Security pros highlight challenges, opportunities of conflict in modern IT battlefield
From left: Retired Lt. Gen. Brad Shwedo, former Joint Staff chief information officer; retired Brig. Gen. David Stilwell, former assistant Secretary of State; and Col. Miriam Krieger, political science department head at the U.S. Air Force Academy, take part in a panel hosted by the school’s Institute for Future Conflict and Center for Character and Leadership Development, with Cadet 1st Class Justin Yates (right) moderating, Sept. 17, 2021. (U.S. Air Force photo/Trevor Cokley)
Story by Ray Bowden, U.S. Air Force Academy Public Affairs
U.S. AIR FORCE ACADEMY, Colo. – Technology is a boon for U.S. defense but its exploitation by adversaries’ fans discontent, misinformation and security challenges, three national security experts told Air Force Academy cadets, Sept. 17.
Retired Brig. Gen. David Stilwell, former assistant Secretary of State, said misinformation undermines human dignity.
“Artificial intelligence allows adversaries to create narratives that are 100% false,” he said, “causing confusion and strife within the U.S.”

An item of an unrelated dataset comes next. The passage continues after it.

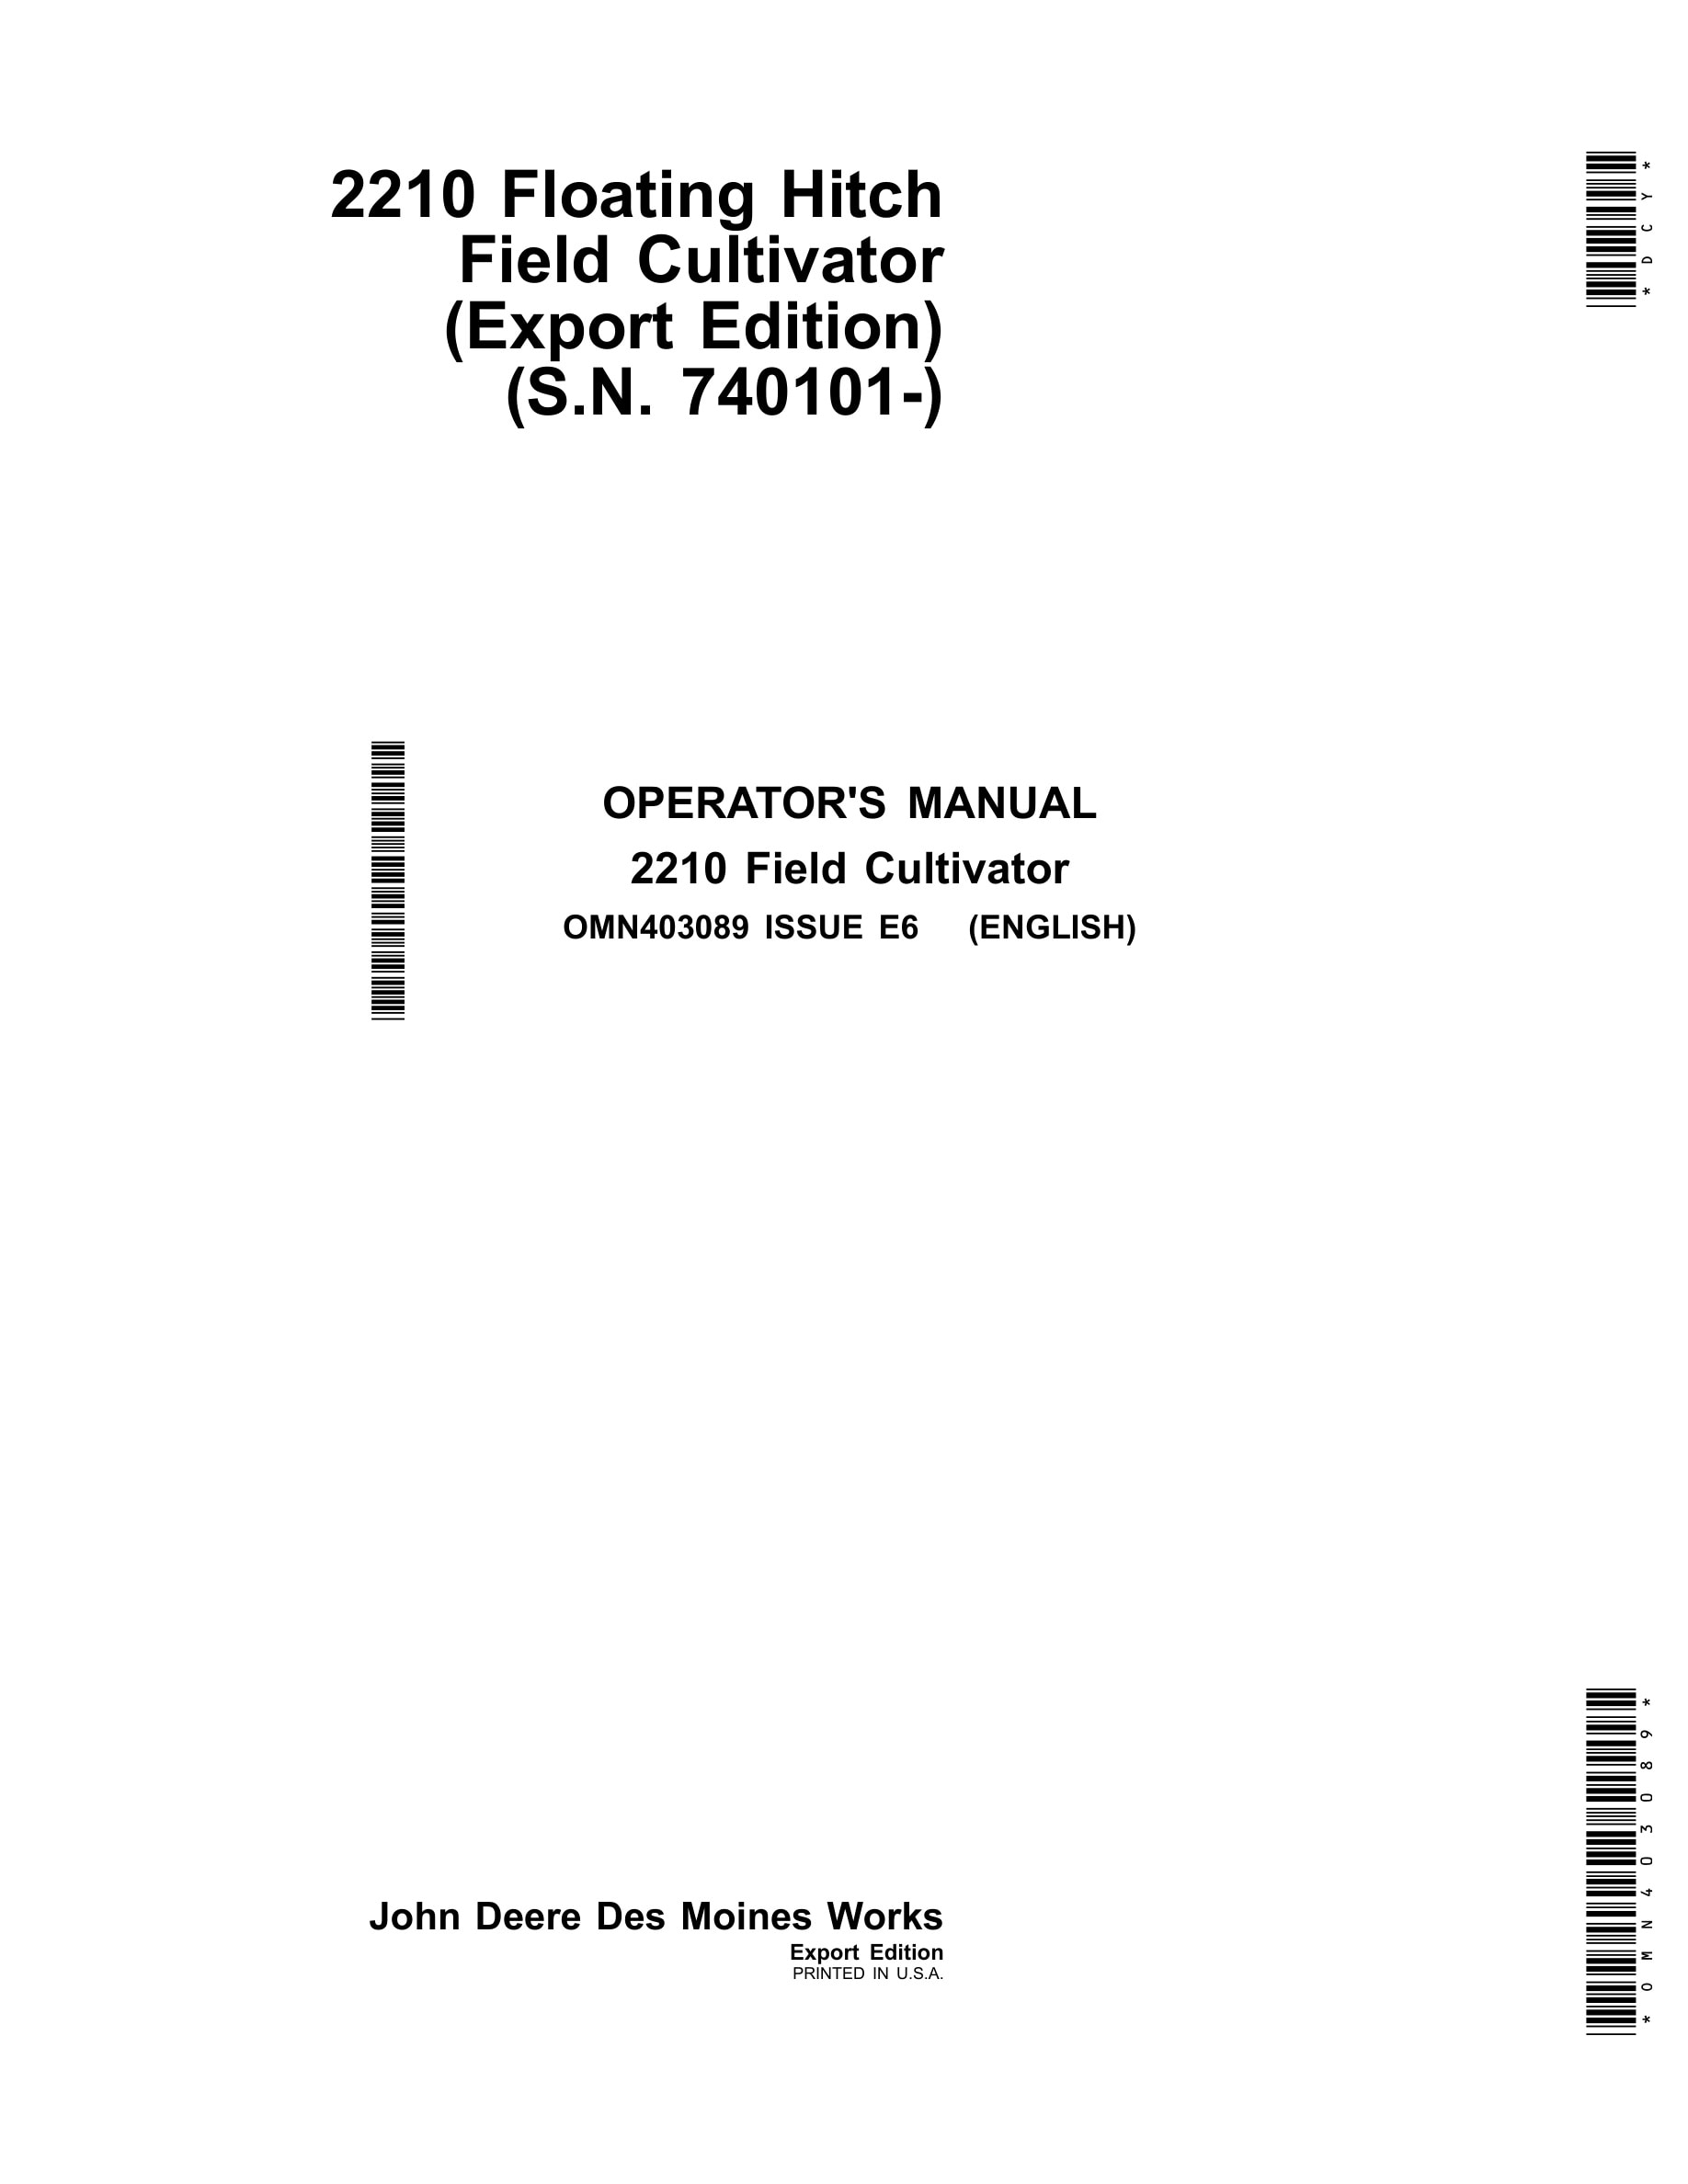 John Deere 2210 Floating Hitch Field Cultivator Operator Manual OMN403089-1

Col. Miriam Krieger, Academy political science department head; retired Lt. Gen. Brad Shwedo, former Joint Staff chief information officer; and Stilwell formed a panel hosted by the school’s Institute for Future Conflict and Center for Character and Leadership Development.
Krieger said the manipulation of technology by adversaries shifts the definition and manner of U.S. defense.

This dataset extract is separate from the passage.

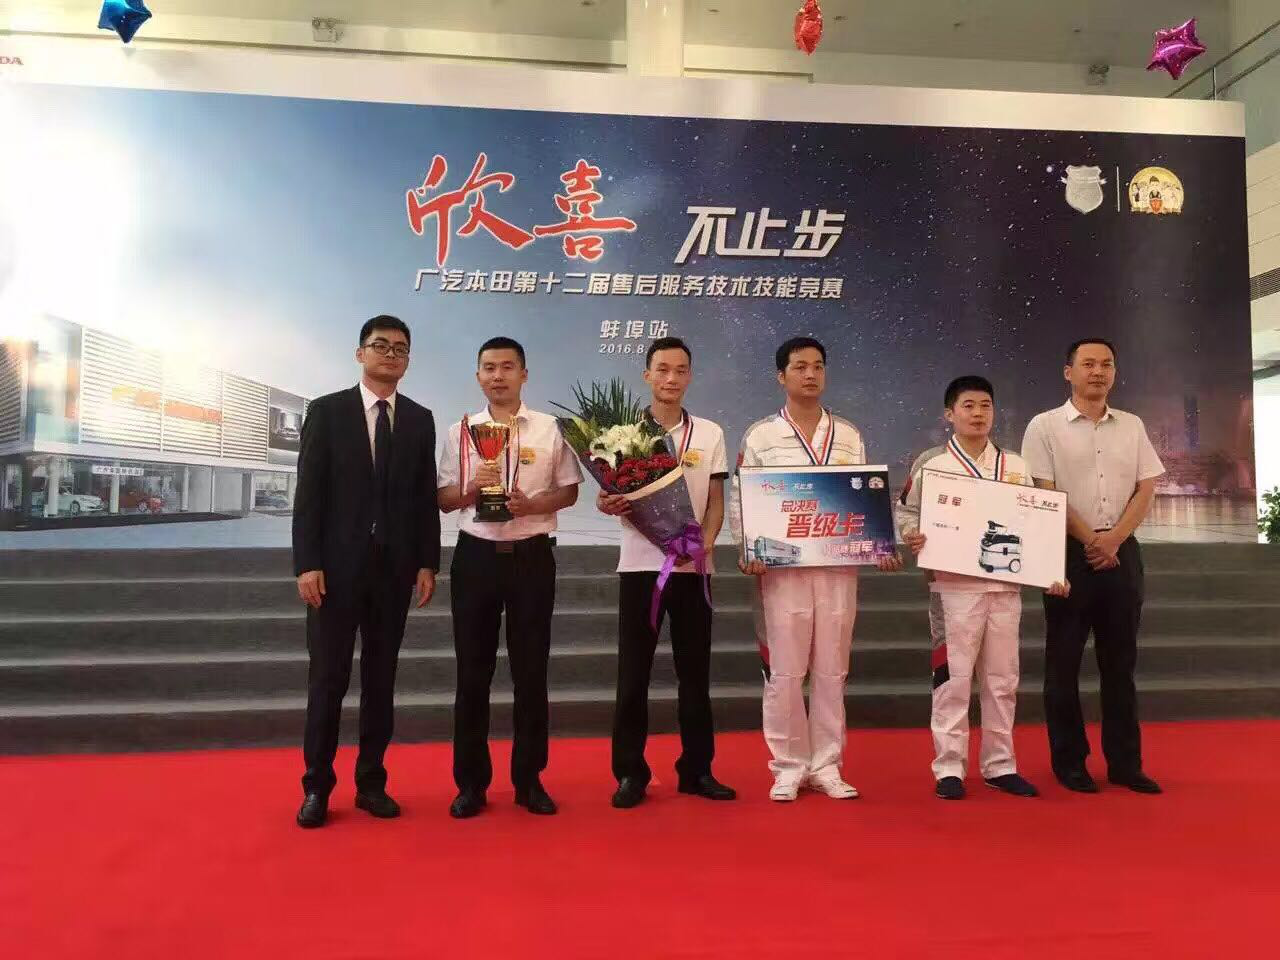 热烈祝贺郑州北环店在售后服务技术技能分站竞赛中得冠

“Future conflicts are going to be everywhere at once,” she said. “How do we know we’re at war? It’s so fuzzy and so grey that you might not know you’re at war when it begins.”

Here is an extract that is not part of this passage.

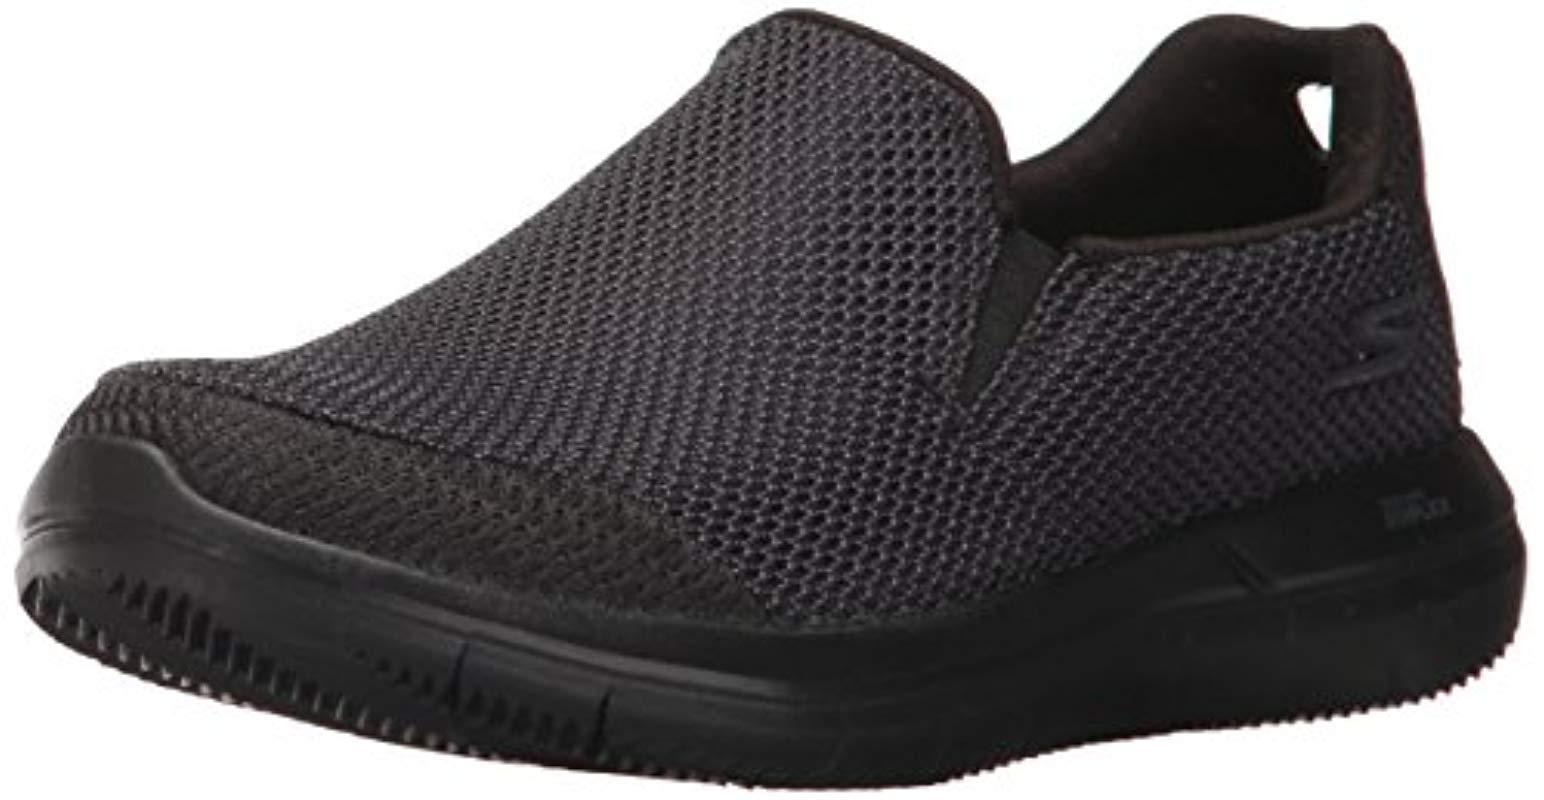 Skechers Performance Go Flex 2-14992 Walking Shoe in Black | Lyst

Stilwell, also a former defense attache in Beijing, said technology continues to change the definition of “battle.”
“Warfare is all over you,” he said, with most unaware of the security risks rife in the tech-based tools they use “every minute of every day.
“Your cellphone is a great helper, but it’s also the biggest vulnerability we have,” Stilwell said. “Anyone with a laptop and [bad] intent is a combatant. Every time you log or punch in [to a cellphone] on your phone you are being surveilled.”
Shwedo directs the IFC and works with senior Air Force officials to support Defense Department needs. The talents and research of Academy cadets provides the Pentagon with ammunition against hacking, he said, “intellectual property theft and outright information spin conducted primarily by China and Russia.”
“Anytime you have a great challenge, there is great opportunity,” he said.
The IFC director said the fight against adversarial nations and state actors in the info realm is similar to Martial Arts.
“It’s like Jujitsu – We use their own force against them,” he said.
The panelists said the influence of Academy cadets on national security should not be underestimated and advised them to develop a “healthy distrust” of internet information.
Krieger, Stilwell and Shwedo agreed that regardless of the conflict, the U.S. must lead the way in abiding by laws and treating all inside and outside its borders with dignity and respect.
“How we treat other people is at the center of conflict,” Shwedo said.
The panel discussion coincides with next years’ National Center for Character and Leadership Symposiums’ theme of “Ethics and Respect for Human Dignity.”